Cooking With Cast-Iron

At DC Steakhouse in Chandler, we love to treat our customers to the absolute best in fine dining. That’s why the East Valley Tribune voted us the Best of Chandler in 2019. It’s also why our customers keep coming back for more. As much as we would like to see you every night(!), we realize that sometimes you just want to relax at home and create in your own kitchen, as we do in ours. So in the free spirit of our foodie community, we offer a few tips for cooking with cast-iron.

Just like Grandma used to do

Anyone who has used a cast-iron skillet understands why Granny treasured hers and passed it down as an heirloom. It is incredibly versatile for searing steaks and chops, for roasting and baking in the oven, and for creating dips and sauces. Breakfast, lunch and dinner: a cast-iron skillet can do it all. It lasts for generations, it’s easy to clean and it is completely chemical-free.

‘Tis the season

It’s not Christmas yet, but it is the season that makes cast-iron so great for cooking.

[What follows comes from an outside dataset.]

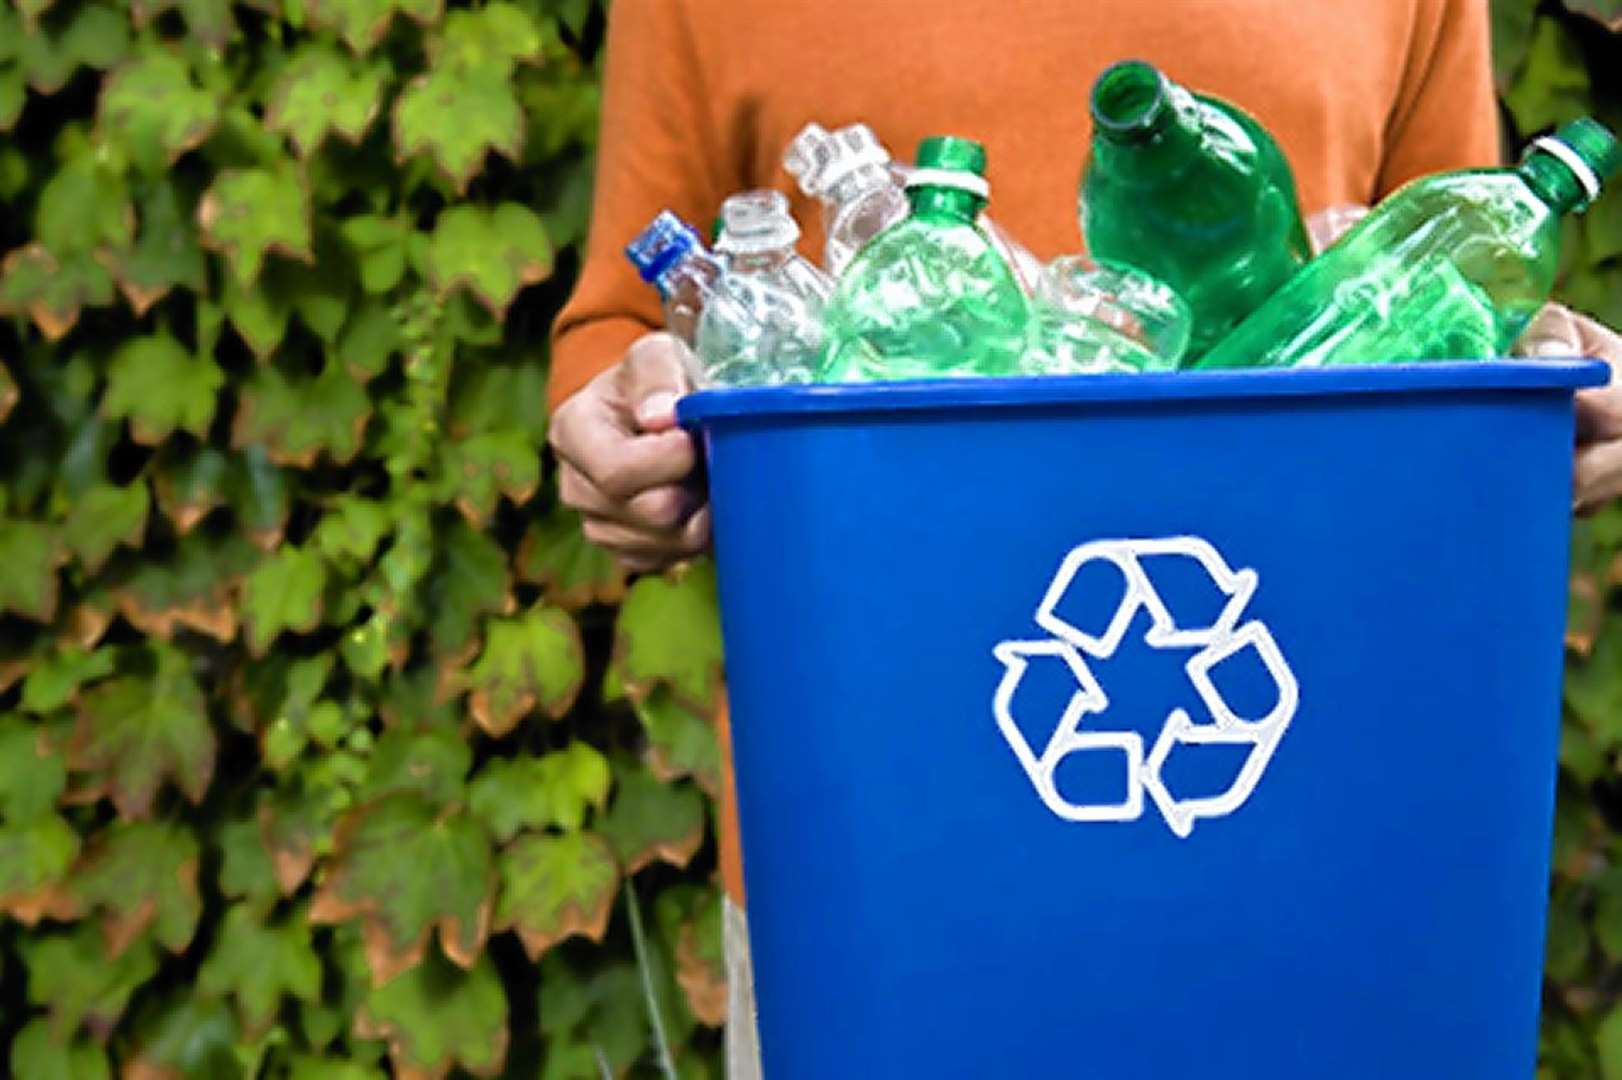 The changes to waste services will be introduced to increase the area's recycling rate.

Well, actually, it is the seasoning that keeps cast-iron a non-stick pan. How do you season cast-iron?

If you are starting with an unseasoned or stripped pan, heat the oven to 500 degrees while you oil the dry skillet. Place a tablespoon of high-heat resistant vegetable oil in the pan and spread it evenly over the cooking surface and the sides with a paper towel. Using fresh paper towels, wipe up the excess oil so the pan is coated, but not glistening. Place the skillet upside down in the oven and bake for one hour. It’s good practice to place aluminum foil under the pan to catch the drips.

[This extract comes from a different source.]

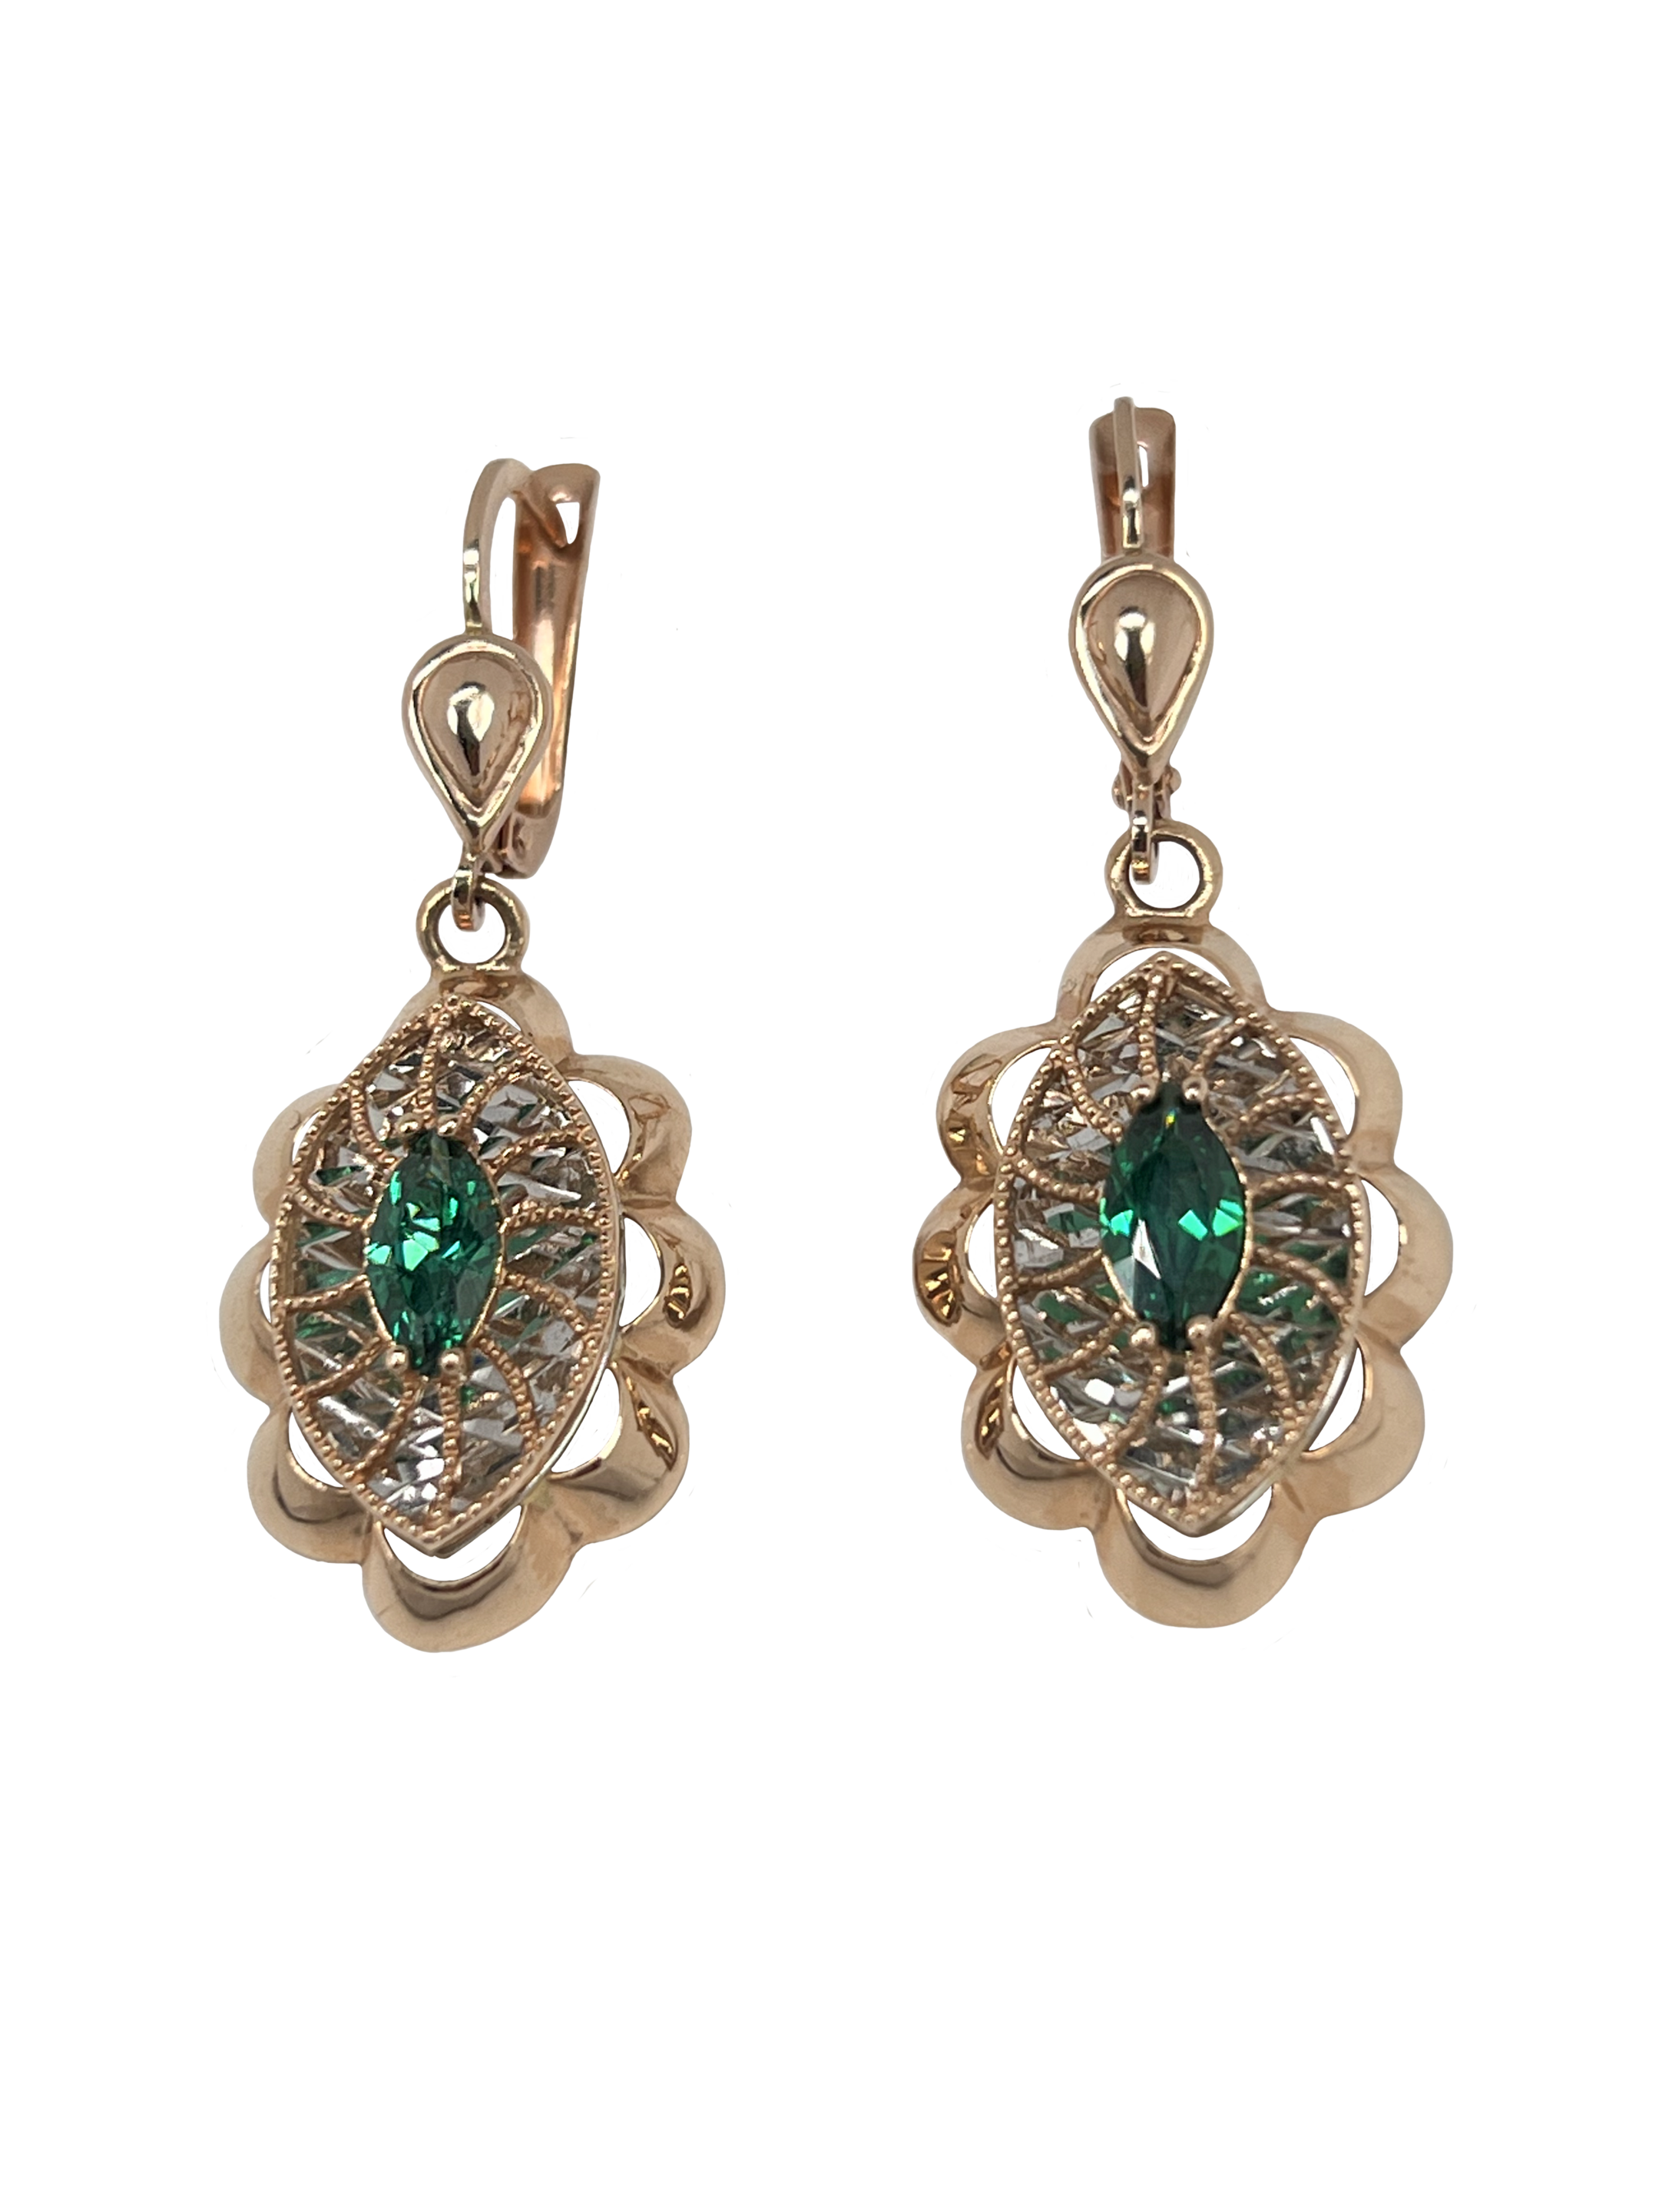 Gold earrings made of rose gold with green zircons

Remove the skillet and let it cool for 30 minutes, then repeat the process several more times until it has a smooth, dark, semi-gloss finish. Your pan will now have a strong, bonded surface that will only get better with use.

The joy of cooking

Cooking with a well-seasoned cast-iron skillet is a revelation in happiness for a chef. Even, controlled heat that doesn’t dissipate quickly will bring a smile to your face. So before you dump in the meat and veg, preheat the pan for a minute or two, and use a little vegetable oil to coat the bottom. This will help brown the meat, sauté the onions, and keep the food from sticking to the skillet.

Cleanup on Aisle 3

Cleaning a properly seasoned cast-iron pan is a breeze. While it is still warm, use paper towels to wipe out any bits of food and oil that remain. Rinse the skillet under hot running water, using a brush to remove any stubborn particles clinging to the bottom. A few swipes is usually all it takes. You can use soap if you want, just be sure to rinse it all out. Dry the skillet completely and place it on the burner over medium-low heat until all traces of moisture are gone. Rub ½ teaspoon of high heat-resistant vegetable oil to the pan and work it into the surface. Avocado oil is a great option for this. Wipe away the excess oil with paper towels and let the pan cool thoroughly before you put it away.

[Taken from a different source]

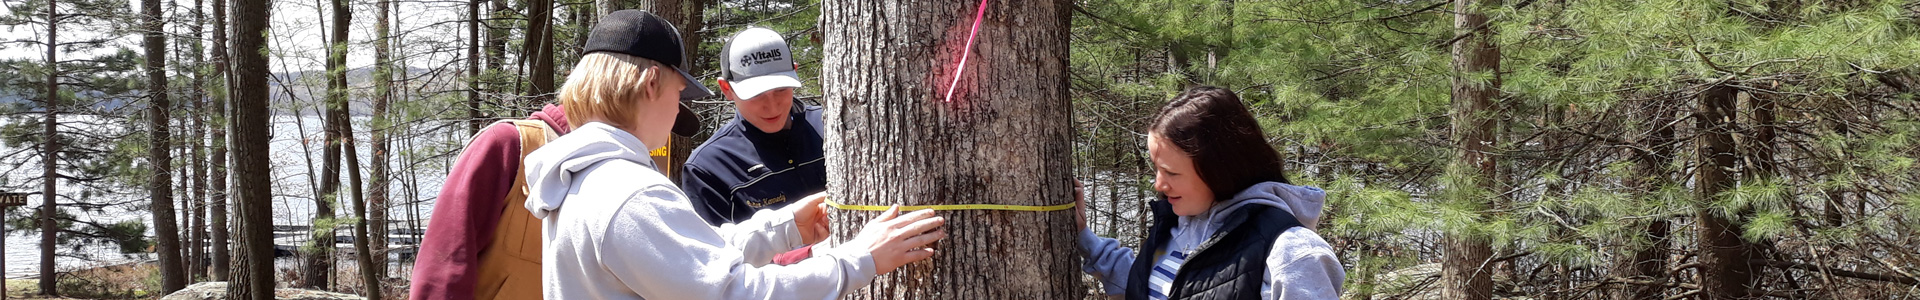 Students measure the circumference of an oak tree with a tape measure

Cooking with cast-iron is not the perilous chore that Teflon advertisers have sometimes made it out to be. It is an easy, safe and healthy way to cook food that you and your family will enjoy. We are confident that it will renew your appetite for cooking. And when you want a break from the kitchen, DC Steakhouse is ready to receive you again with open arms, a warm heart and the best food and wine in Chandler.